On Sat, Apr 22, 2017 at 1:51 AM, Andy Lutomirski <> wrote:
>>> I personally like my implicit_rights idea, and it might be interesting
>>> to prototype it.
>> I don't like blocking a needed feature behind a large super-feature
>> that doesn't exist yet. We'd be able to refactor this code into using
>> such a thing in the future, so I'd prefer to move ahead with this
>> since it would stop actual exploits.
> I don't think the super-feature is so hard, and I think we should not
> add the per-task thing the way it's done in this patch.  Let's not add
> per-task things where the best argument for their security is "not
> sure how it would be exploited".

Actually the XFRM framework CVE-2017-7184 [1] is one real example, of
course there are others. The exploit was used on a generic distro
during a security contest that distro is Ubuntu. That distro will
never provide a module autoloading restriction by default to not harm
it's users. Consumers or containers/sandboxes then can run their
confined apps using such facilities.

These bugs will stay in embedded devices that use these generic
distros for ever.

> Anyway, I think the sysctl is really the important bit.  The per-task
> setting is icing on the cake IMO.  One upon a time autoload was more
> important, but these days modaliases are supposed to do most of the
> work.  I bet that modern distros don't need unprivileged autoload at
> all.

Actually I think they do and we can't just change that. Users may
depend on it, it is a well established facility.

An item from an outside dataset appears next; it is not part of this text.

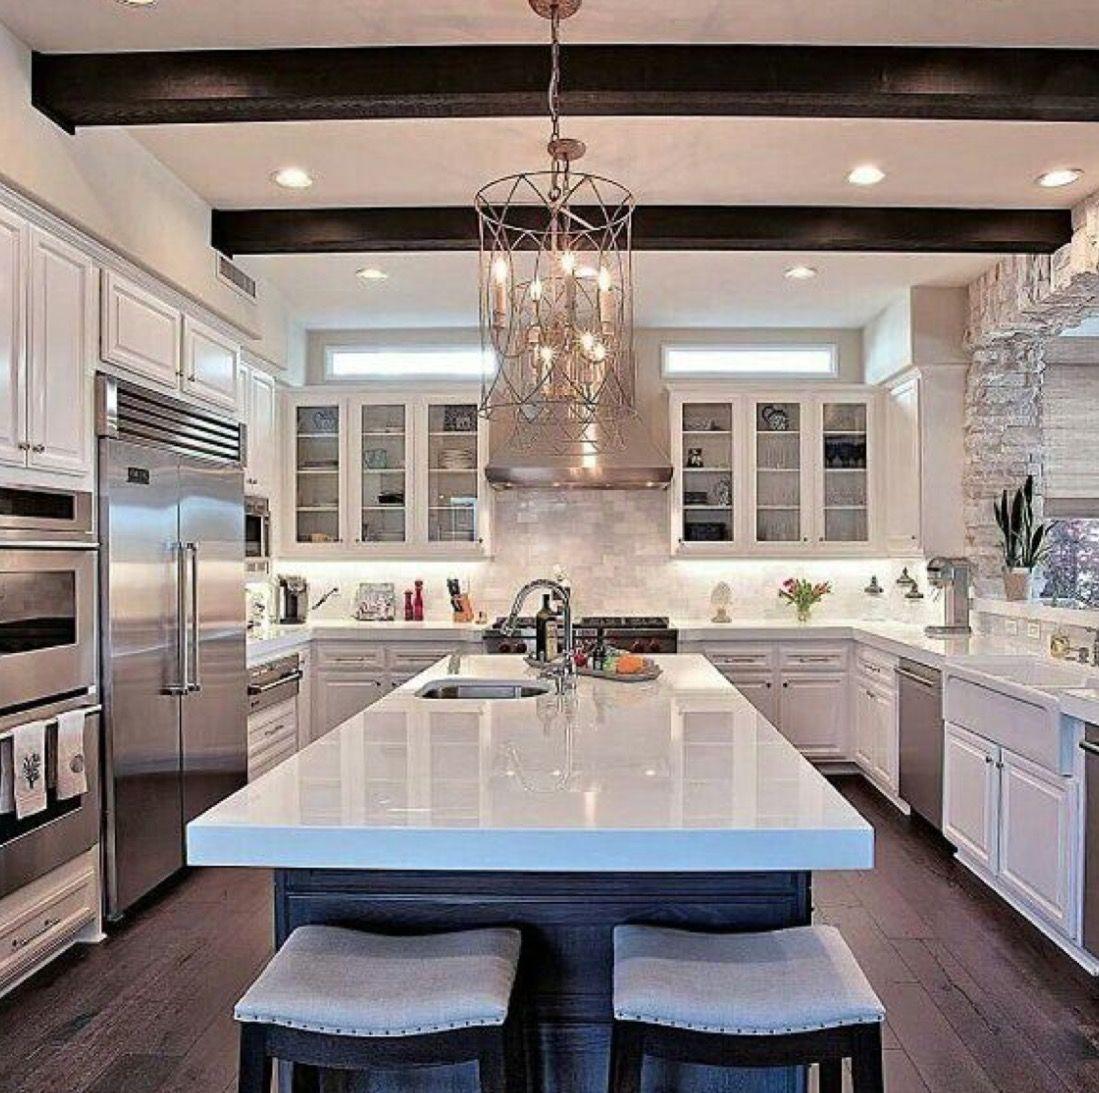 Large, spacious white open kitchen with white granite

Now the other problem is CAP_NET_ADMIN which does lot of things, it is
more like the CAP_SYS_ADMIN.

This is a quick list that I got from only the past months, I'm pretty
sure there are more:

* DCCP use after free CVE-2017-6074
* n_hldc CVE-2017-2636
* XFRM framework CVE-2017-7184
* L2TPv3 CVE-2016-10200

Most of these need CAP_NET_ADMIN to be autoloaded, however we also
need CAP_NET_ADMIN for other things... therefore it is better to have
an extra facility that could coexist with CAP_NET_ADMIN and other
sandbox features.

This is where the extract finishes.